For the car aficionados, mergers and acquisitions mean something else entirely. As a customer for anything other than the top-selling brands and models, you identify with something the volume players don't offer and therefore models at the fringe are at risk when merger-and-acquisition talk grows deeper. The Subarus, Volvos, and Jaguars of the auto world exist as alternate options to the Toyotas, Mercedes-Benzes, and BMWs because of differentiation.

And lately, those alternates are thriving. None of those relatively independent brands feel the pressure to hitch themselves to a bigger ship from which to navigate the future market waters. Or do they? Is it a false notion that consolidation is inevitable in manufacturing because of future development costs?

Jaguar Land Rover VP of Communications Stuart Schorr told me, "JLR is growing and expanding in new product development and manufacturing." There's no plan nor does the company envision any need to consolidate or merge with another company. Similarly, Subaru's Michael McHale also informed me that "Subaru is profitable and viable at our current size. We have a very efficient engineering team that maximizes our development across platforms." Granted, Jaguar Land Rover is part of the large Tata corporation and Subaru is an arm of Fuji Heavy Industries, but those automotive operations are as independent from their parents as any stand-alone car manufacturer.

In his interview, Marchionne tries to place himself and FCA in a position of strength, where they are not. A snapshot of today and the short-term look great for FCA: $2.4 billion net income versus GM's $2.8 billion on less than half of GM's manufacturing volume. Perhaps that's why he's making these marriage motions right now. Will this be the case in five years should FCA remain unmarried? That's doubtful.

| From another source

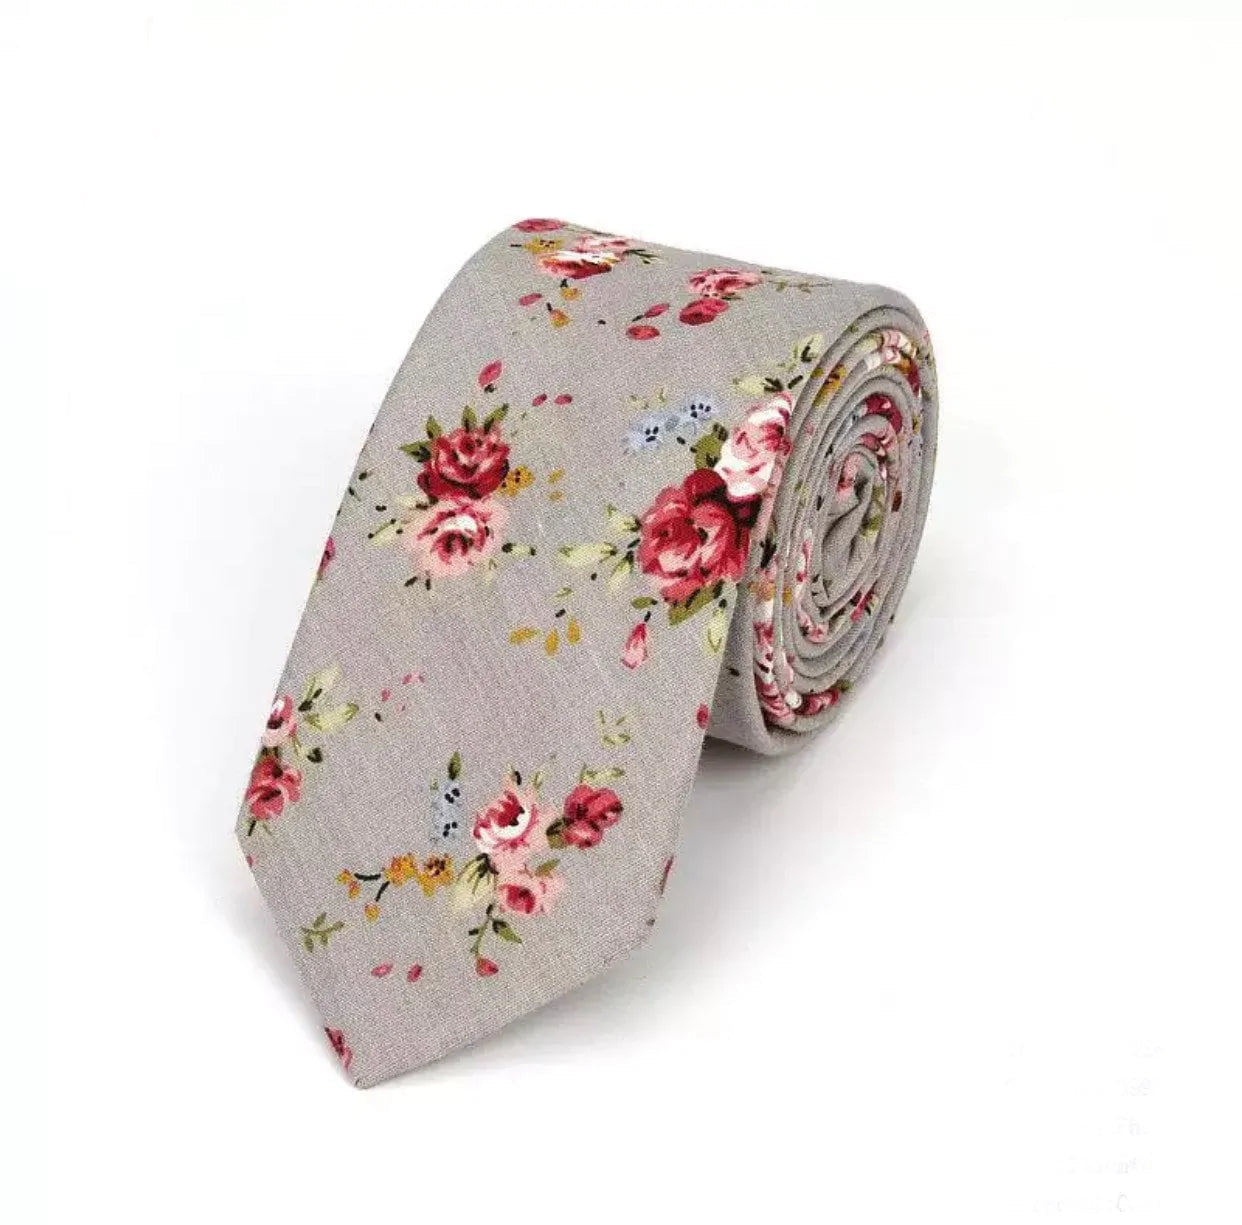 Gray Floral Skinny Tie BANE MYTIESHOP-Neckties-Gray Floral Skinny Tie Gray Floral tie for wedding events. Gray and red floral print tie, skinny ties. Neckties for men. Cool ties gray and red bane-Mytieshop. Skinny ties for weddings anniversaries. Father of bride. Groomsmen. Cool skinny neckties for men. Neckwear for prom, missions and fancy events. Gift ideas for men. Anniversaries ideas. Wedding aesthetics. Flower ties. Dry flower ties.

History has shown Marchionne to be as sharp as a shark's tooth. He out-flanked former Ferrari chief Luca di Montezemelo last year, forcing the long-time chief's departure before di Montezemelo was ready. Also last year, Marchionne engineered the arrival – and the subsequent departure merely eight months later – of Scuderia Ferrari F1 team principle Marco Mattiacci, himself a curious candidate for the job with no formal motorsports experience.

In the end, the authorship of major deals only matters in global diplomacy like the Camp David Accords in 1978 that brought peace in the Middle East between Egypt and Israel and the nuclear arms deal the US and six allied nations are yet to ratify with Iran. Proven by DaimlerChrysler, major deals are not always good ones.

As in motorsports, time is truth. On the efficacy of any GM-FCA deal, the clock may have just started.